I have no idea how I missed this report when it came out. Cockroach Labs published their State of Resilience 2025 back in late 2024, surveying 1,000 senior technology executives across North America, Europe, and Asia-Pacific, and it somehow slipped past me entirely. Better late than never, because there's a lot here worth digging into, at least if you're willing to ignore Part 6, which makes the same mistake almost every vendor resilience report makes: five sections of genuinely useful organizational data followed by a pivot to "and here's how our product fixes it." It's understandable. They sell distributed databases. But it's also disappointing, because their own data argues against the conclusion, and because it reinforces a persistent myth in this industry that you can buy your way to resilience. More on that in a moment.

The data was collected in August-September 2024, so about 18 months old. If anything, that makes the findings more relevant now. Since this survey was fielded, DORA has gone into full effect, NIS2 enforcement is ramping up across EU member states, AI agents are being woven into operational workflows at a pace that would have seemed aggressive even a year ago, and the organizations that told CrowdStrike-shaken researchers they were "significantly improving their planning" have had a full year and a half to either follow through or quietly drift back to the status quo. The structural dynamics this report captures don't resolve themselves in 18 months, they compound. And the rapid adoption of AI in operations is adding new failure modes to systems that were already struggling with the old ones.

The headline numbers first: the average enterprise experiences 86 outages per year, averaging 196 minutes each. Every single company surveyed lost revenue to outages in the past twelve months. For large enterprises, outage-related losses averaged $495K annually.

But the number that made me pause for a second: 95% of executives say they are aware of at least one unresolved operational weakness that puts their organization at risk. 72% say they have multiple. And 48% say their organizations are doing insufficient work to address it. Nearly every leader knows where the cracks are, and almost half say nothing adequate is being done. The prevention paradox, playing out at scale with hard data behind it.

The blockers are familiar too. Other teams' priorities take precedence (38%). Budget constraints (36%). Lack of leadership buy-in (32%). Meanwhile 92% of teams must deprioritize essential work to fight fires, 48% work overtime and weekends to restore operations, and 39% report a growing backlog of post-mortems. The feedback loop I keep coming back to in client work is right there in the numbers: less time for improvement leads to more incidents, which leads to even less time for improvement.

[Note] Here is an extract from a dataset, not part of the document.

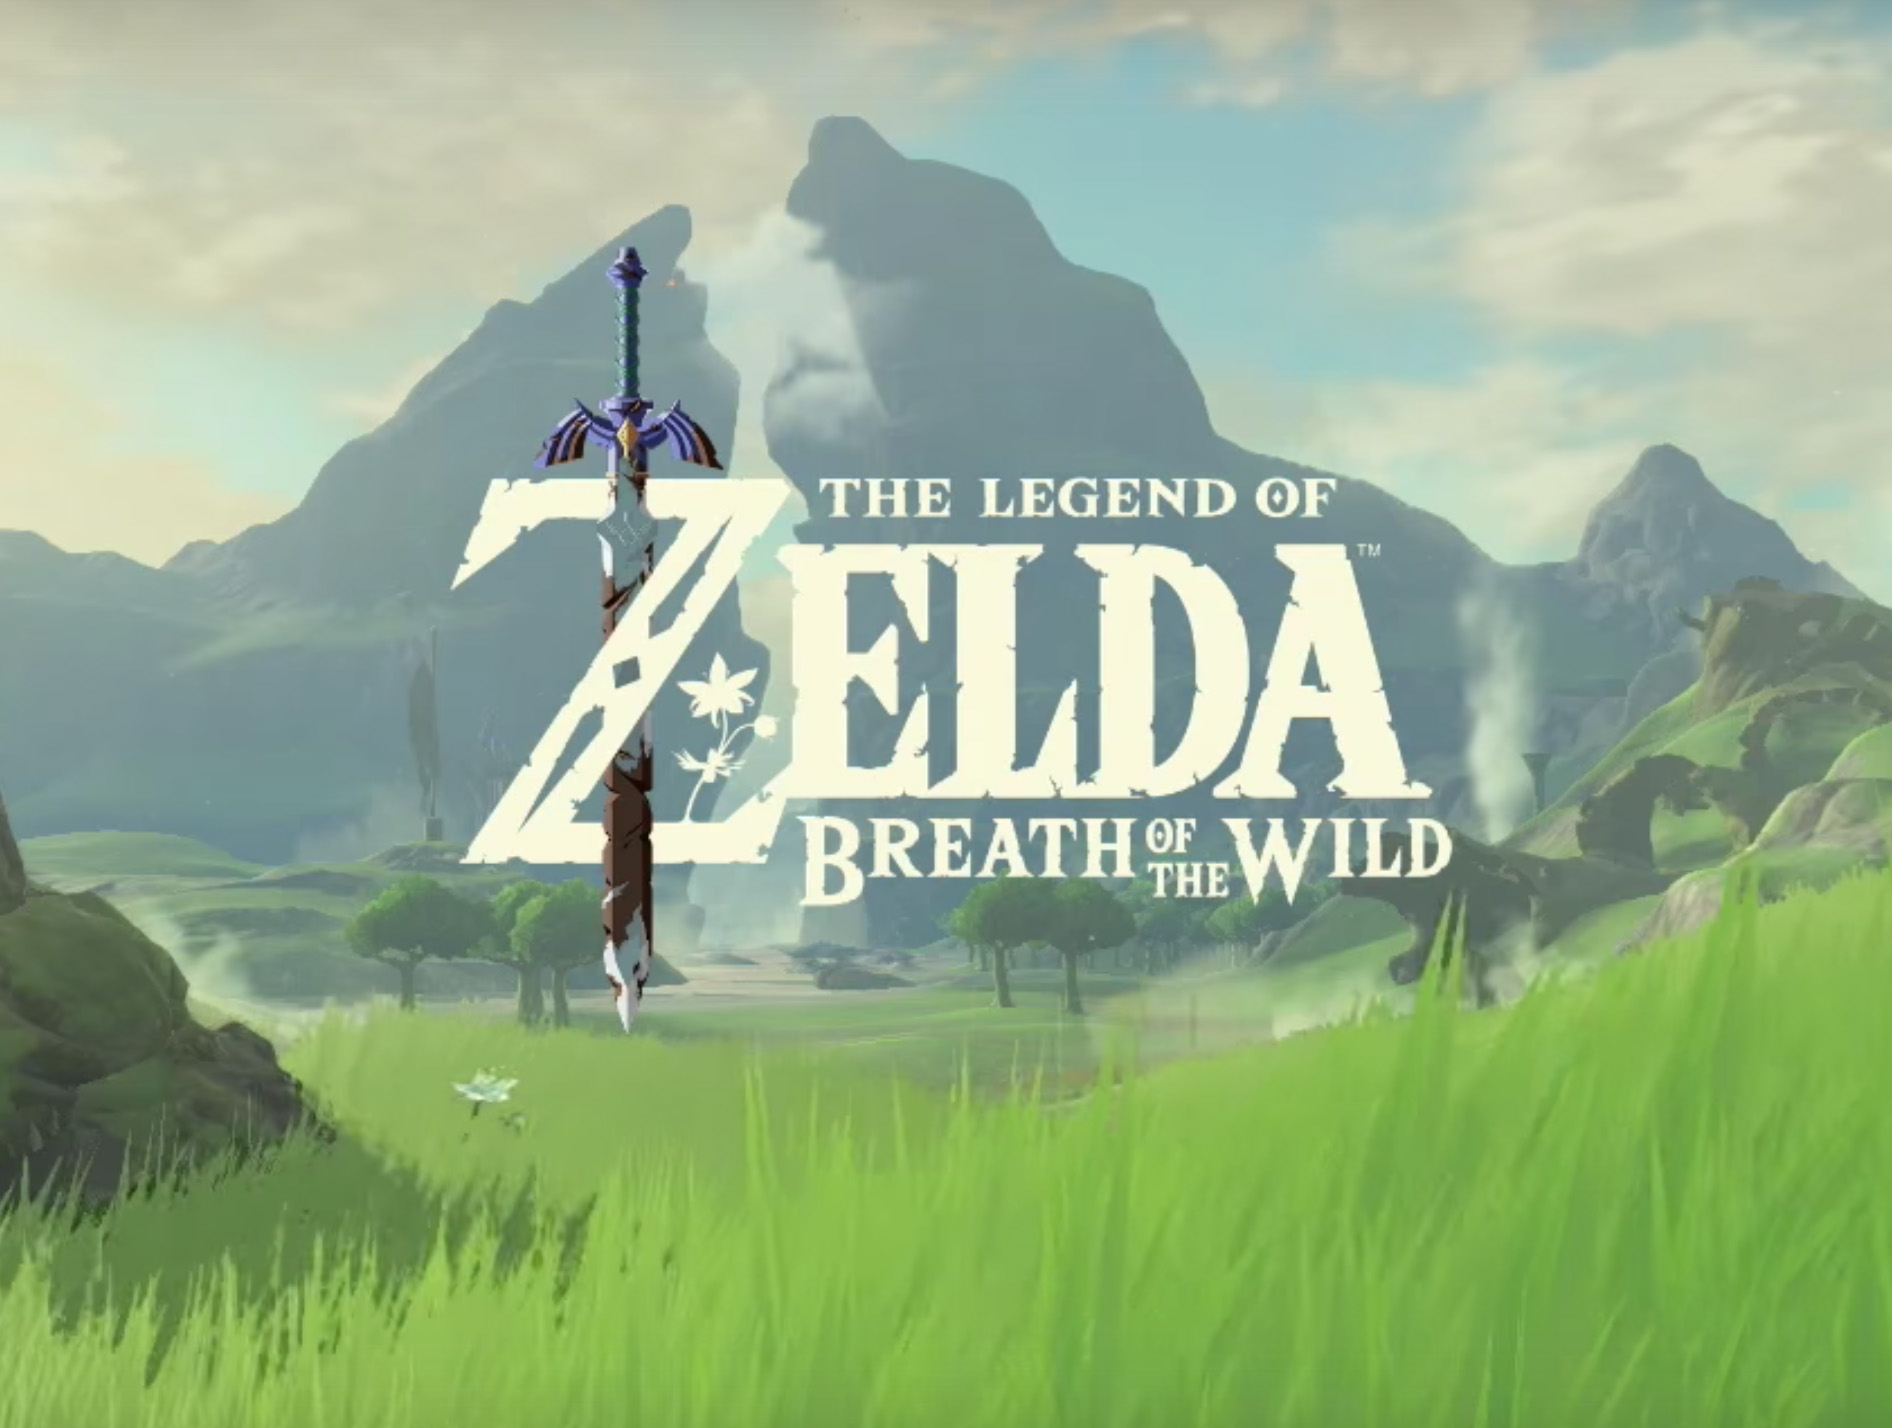 Legend of Zelda: Breath of the Wild wins Game of the Award Awards

Then there's the human cost that rarely shows up in resilience reports. 82% of leaders said they or their team members fear losing their jobs following a significant outage. Think about what that does to everything else. If you've ever wondered why your blameless post-mortems don't feel blameless, there's your answer. You can design the most thoughtful incident analysis process imaginable, but 82% job-fear will override any process document every single time.

Now, Part 6 and why it's a missed opportunity. Look at the causes of downtime: network issues (38%), software issues (36%), cyberattacks (36%), cloud provider reliability (35%), third-party failures (33%), environmental factors (31%), human error (31%), capacity issues (30%), hardware failures (30%). That distribution is remarkably flat. Nothing really dominates. And the report itself notes it's consistent regardless of company size, sector, or geography.

To me, that flat distribution is the most important finding in the entire report, and the authors barely pause on it.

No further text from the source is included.